Phishing is the most common initial access vector in real-world breaches and a core component of any human-element penetration test. But effective phishing assessment goes far beyond sending fake emails and counting clicks — it evaluates the entire chain: which pretexts work against which populations, whether the email gateway catches the campaign, whether users report it, and how quickly the SOC responds when they do.
| Phishing Variant | How It Works | What It Tests |
|---|---|---|
| Credential harvesting | A phishing email links to a cloned login page. The user enters their username and password. In advanced assessments, a reverse proxy (evilginx) captures the session token in real time — bypassing MFA and granting the tester a fully-authenticated session. | Whether users verify URLs before entering credentials. Whether the email gateway blocked the email or flagged the domain. Whether the SOC detected the credential submission or the anomalous login from a new IP. Whether the cloned domain triggered any DNS or threat intelligence alert. |
| Payload delivery | The email contains or links to a malicious document — a macro-enabled Office file, an ISO image, a OneNote document with an embedded script — disguised as a legitimate business attachment: an invoice, a purchase order, a CV. | Whether users open attachments from unfamiliar senders. Whether endpoint protection detects the payload on execution. Whether the email gateway sandboxes or strips the attachment. Whether macro execution is blocked by Group Policy. |
| Business email compromise | No payload. No link. No malware. Just a convincing email impersonating a senior executive requesting a wire transfer, a bank detail change, or access to a sensitive document. The attack is pure social engineering — and it's the most financially damaging form of phishing globally. | Whether finance staff follow verification procedures for payment requests. Whether employees challenge requests that appear to come from authority figures. Whether the email gateway detects sender spoofing or display-name impersonation. |
| Spear phishing | Highly targeted phishing using specific OSINT about the target: their role, current projects, colleagues' names, recent company announcements. The email references context that only a legitimate contact would know — making it nearly indistinguishable from genuine communication. | Whether high-value targets (finance directors, IT admins, executive assistants, developers with production access) are more resistant than the general population. Whether security awareness training has prepared people for pretexts tailored to their specific role. |
| Smishing and QR phishing | Phishing via SMS or QR codes — bypassing email security entirely. The QR code on a poster in the kitchen, an SMS "from IT" about a password reset, a QR code in a PDF attached to a legitimate-looking email. | Whether mobile device management catches malicious URLs opened on phones. Whether users are trained to treat SMS and QR codes with the same suspicion as email links. Whether the organisation's phishing defences are email-centric and blind to other channels. |
Voice phishing — vishing — is dramatically underrepresented in most organisations' security testing programmes. It shouldn't be. A well-executed vishing call exploits authority bias and urgency bias in real time, with the added pressure of a live conversation where pausing to think feels socially awkward. Unlike email, there's no "Report Phish" button and no gateway to block the call.

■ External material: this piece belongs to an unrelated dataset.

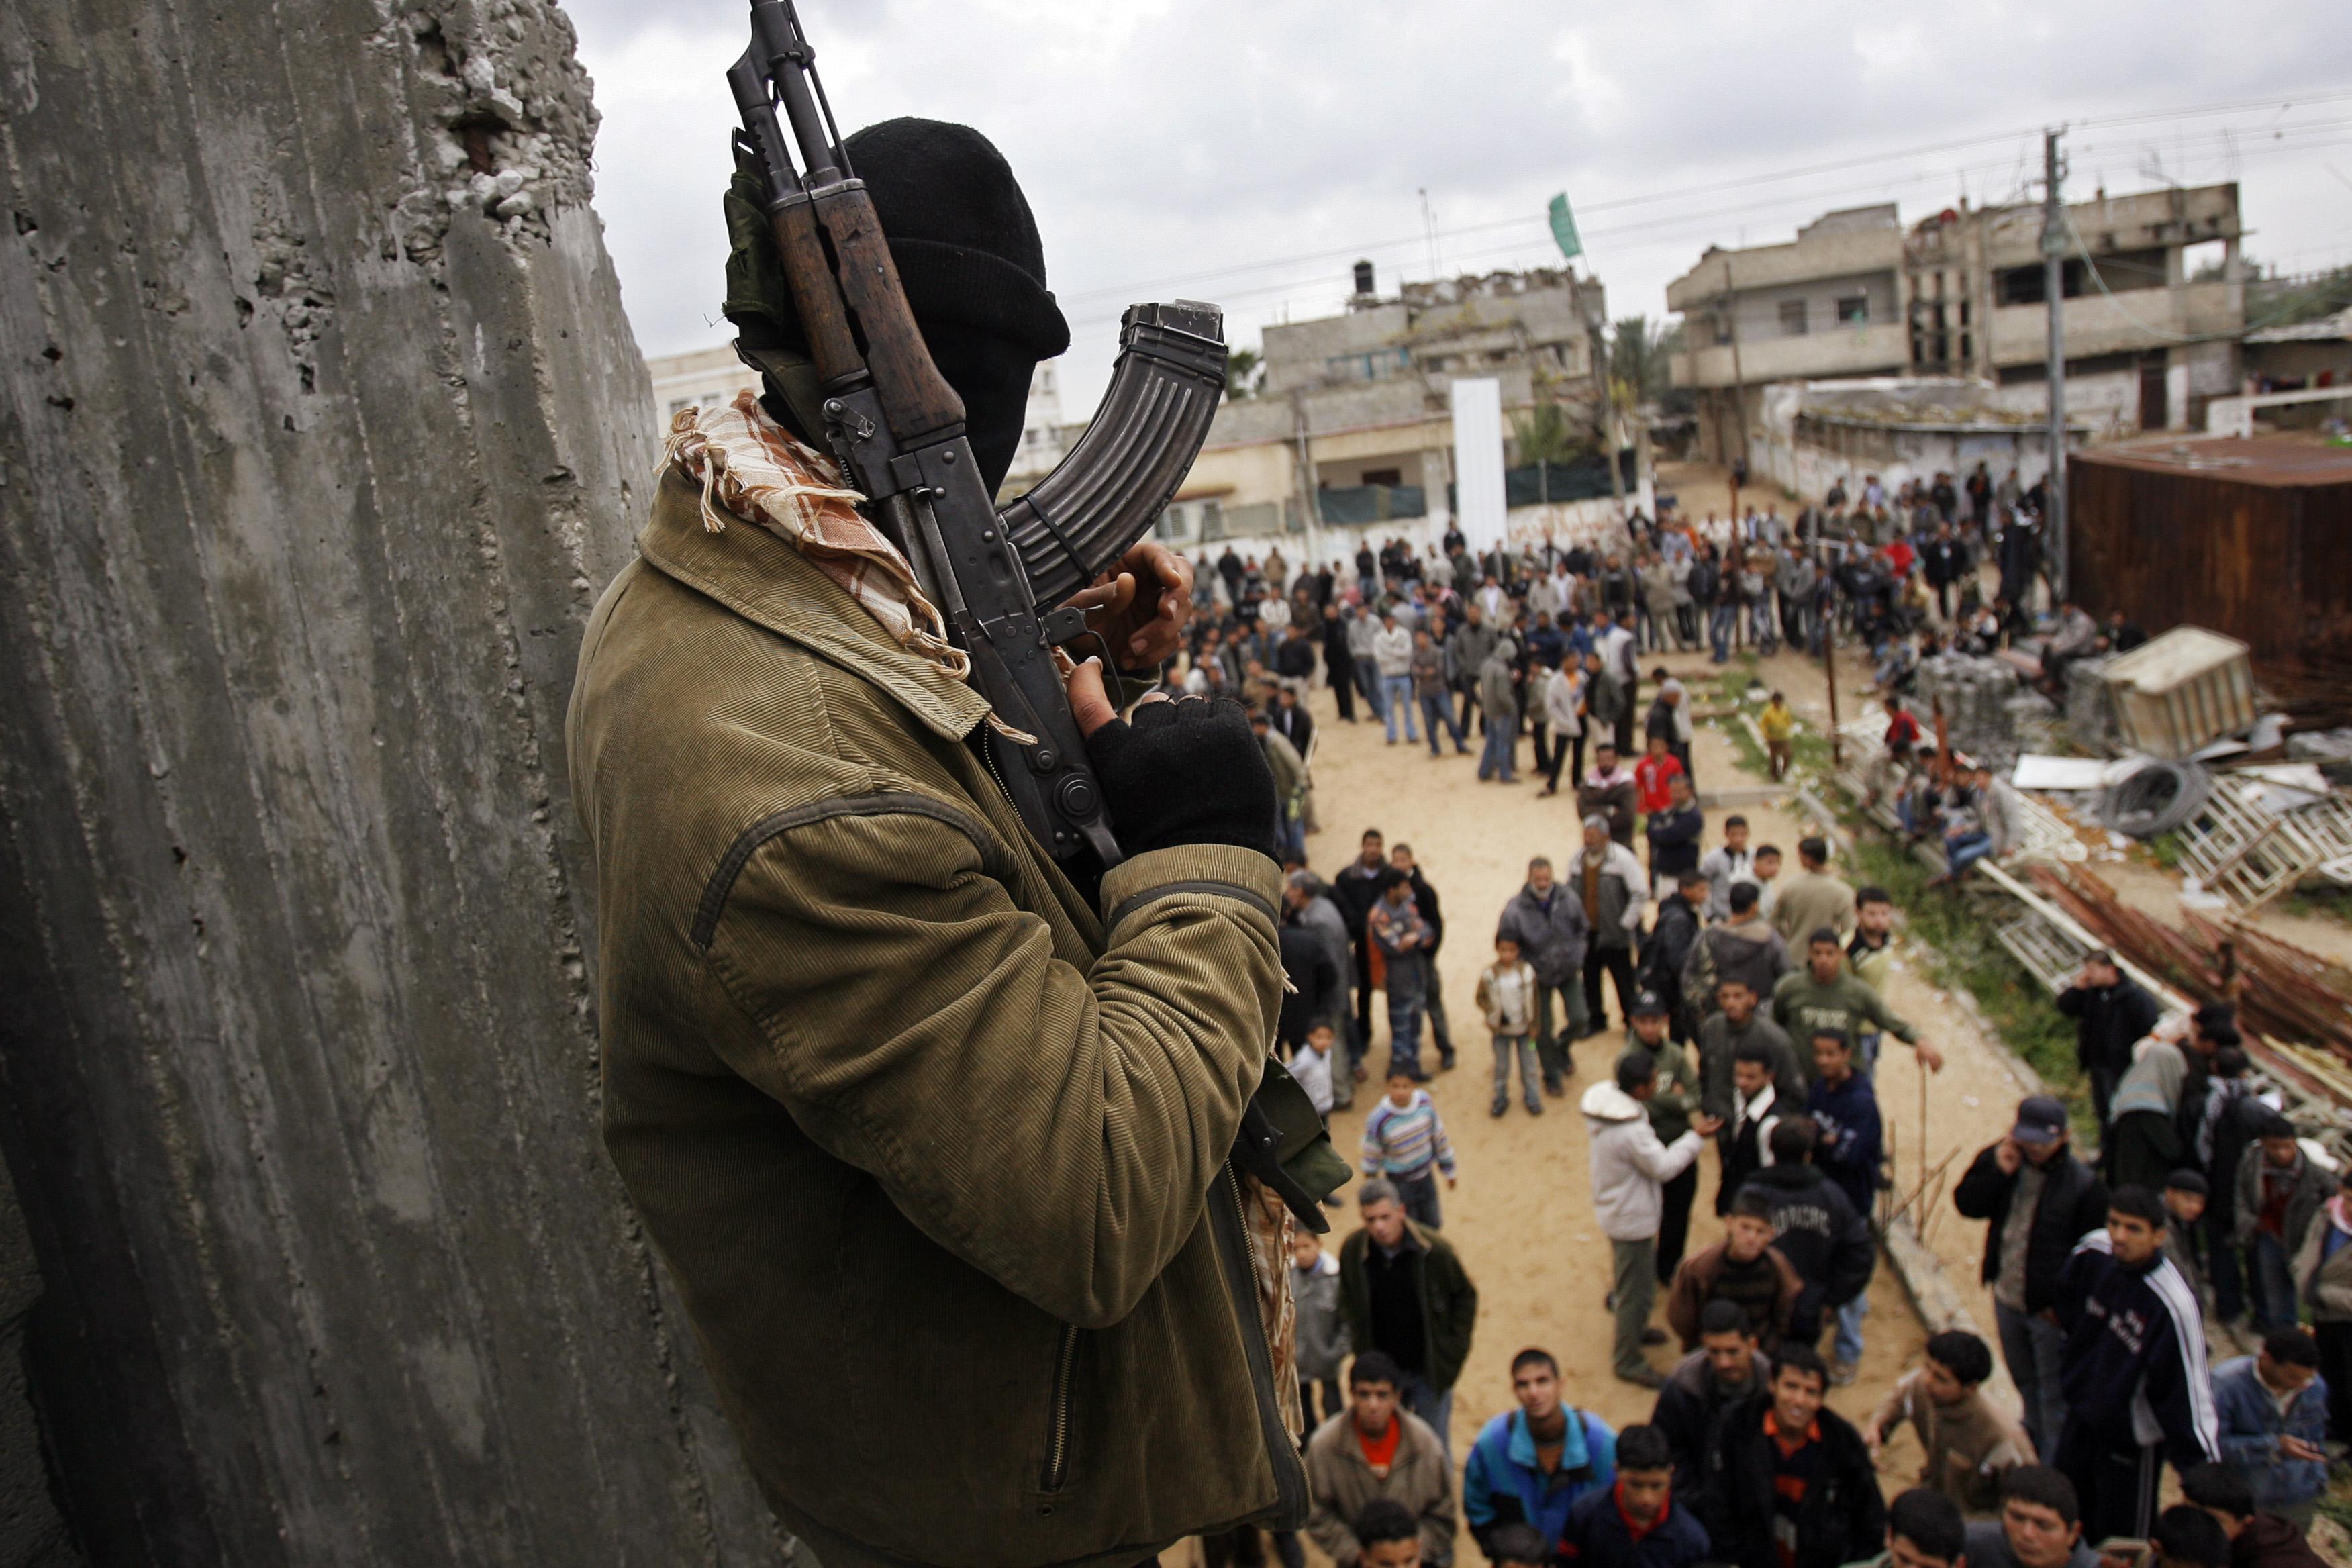 Роль джихада в истории россии и мира: что это такое, цели

In our vishing assessments, the success rate for obtaining credentials, MFA codes, or sensitive information via a phone call consistently exceeds the success rate of email phishing campaigns targeting the same population. People who would never enter their password on a suspicious webpage will read their MFA code to a confident caller who says the right words.

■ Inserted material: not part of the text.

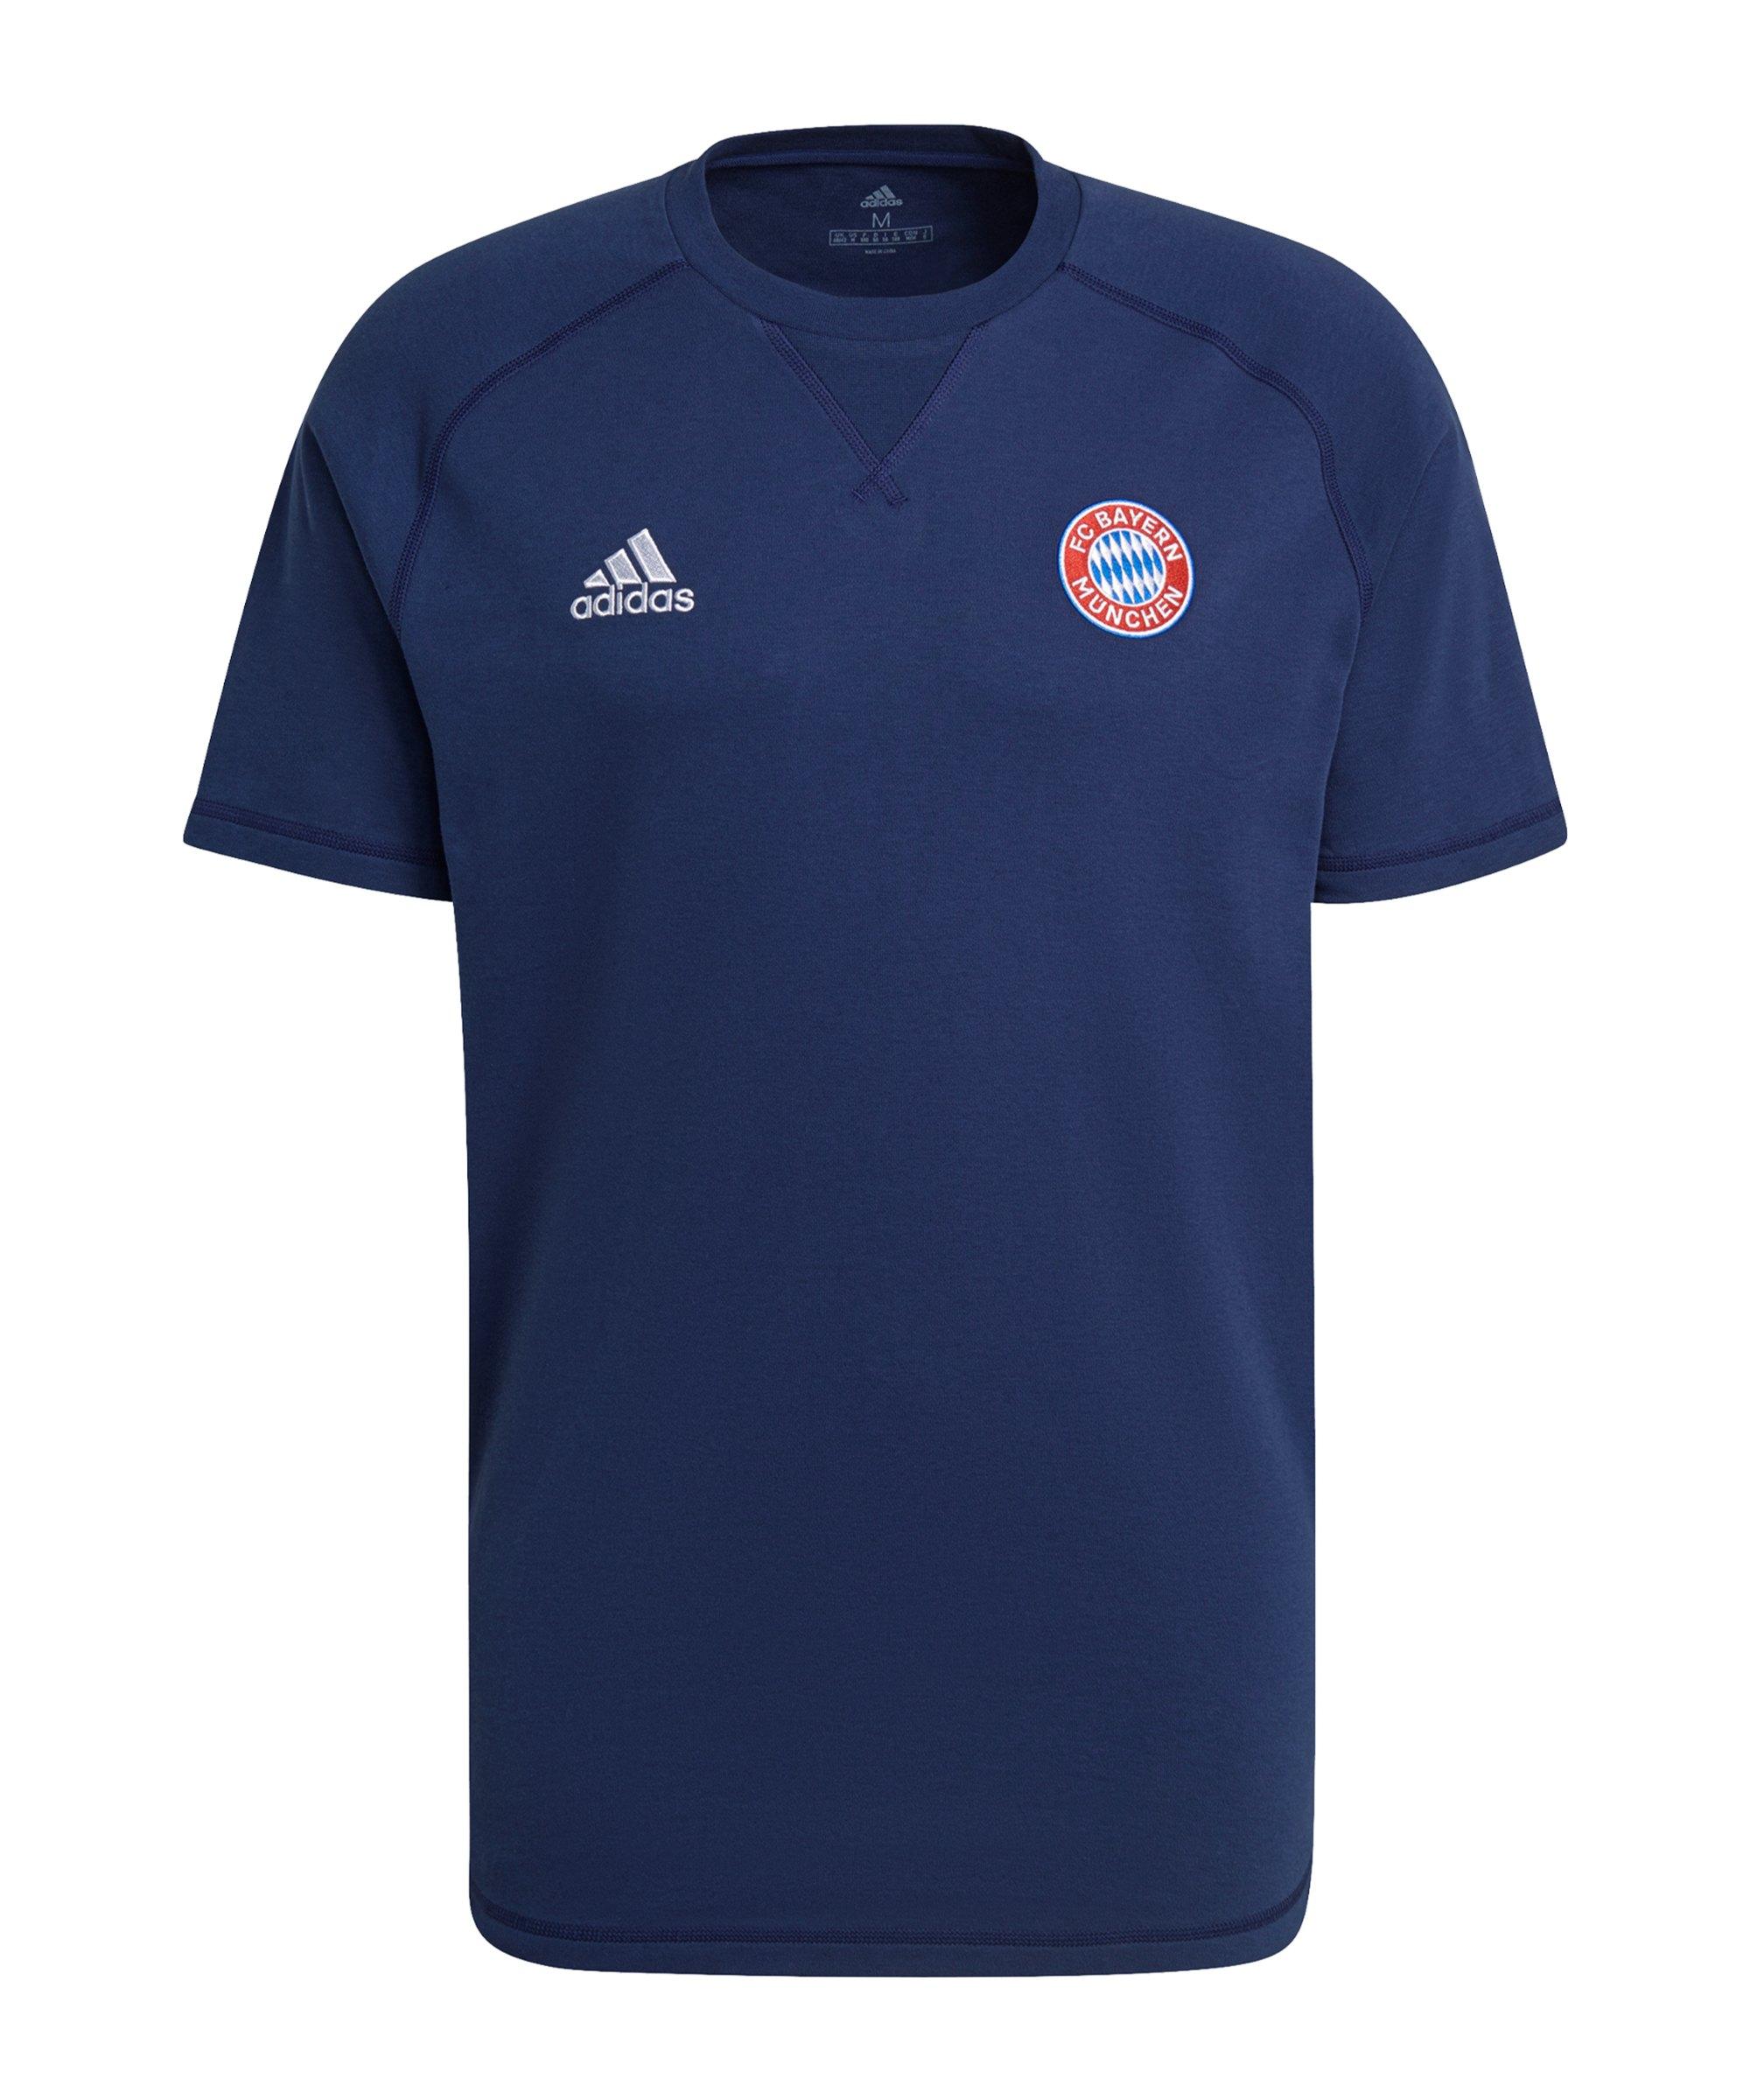 adidas FC Bayern München T-Shirt Blau - blau

Nine credentials, five live MFA codes, three remote access installations — from 24 answered phone calls. Average time to full compromise: four minutes twenty seconds. The longest any caller questioned the tester before complying: eight seconds. One person — out of 24 — reported the call to IT afterwards. The other 23, including the nine who gave their credentials, said nothing.
Physical security testing is the most visceral form of human-element assessment — and the one that consistently produces the most alarming results. It tests whether an unauthorised person can gain physical access to the organisation's premises, its sensitive areas, and its IT infrastructure through social engineering alone.
The results are almost always the same: they can. Not because the locks are weak, but because the people are polite.
Physical testing reveals a truth that digital-only assessments miss entirely: the most expensive firewall in the world is irrelevant if someone can walk into the building, plug a device into the network, and walk out again. In our experience, they almost always can — and the device is almost never discovered.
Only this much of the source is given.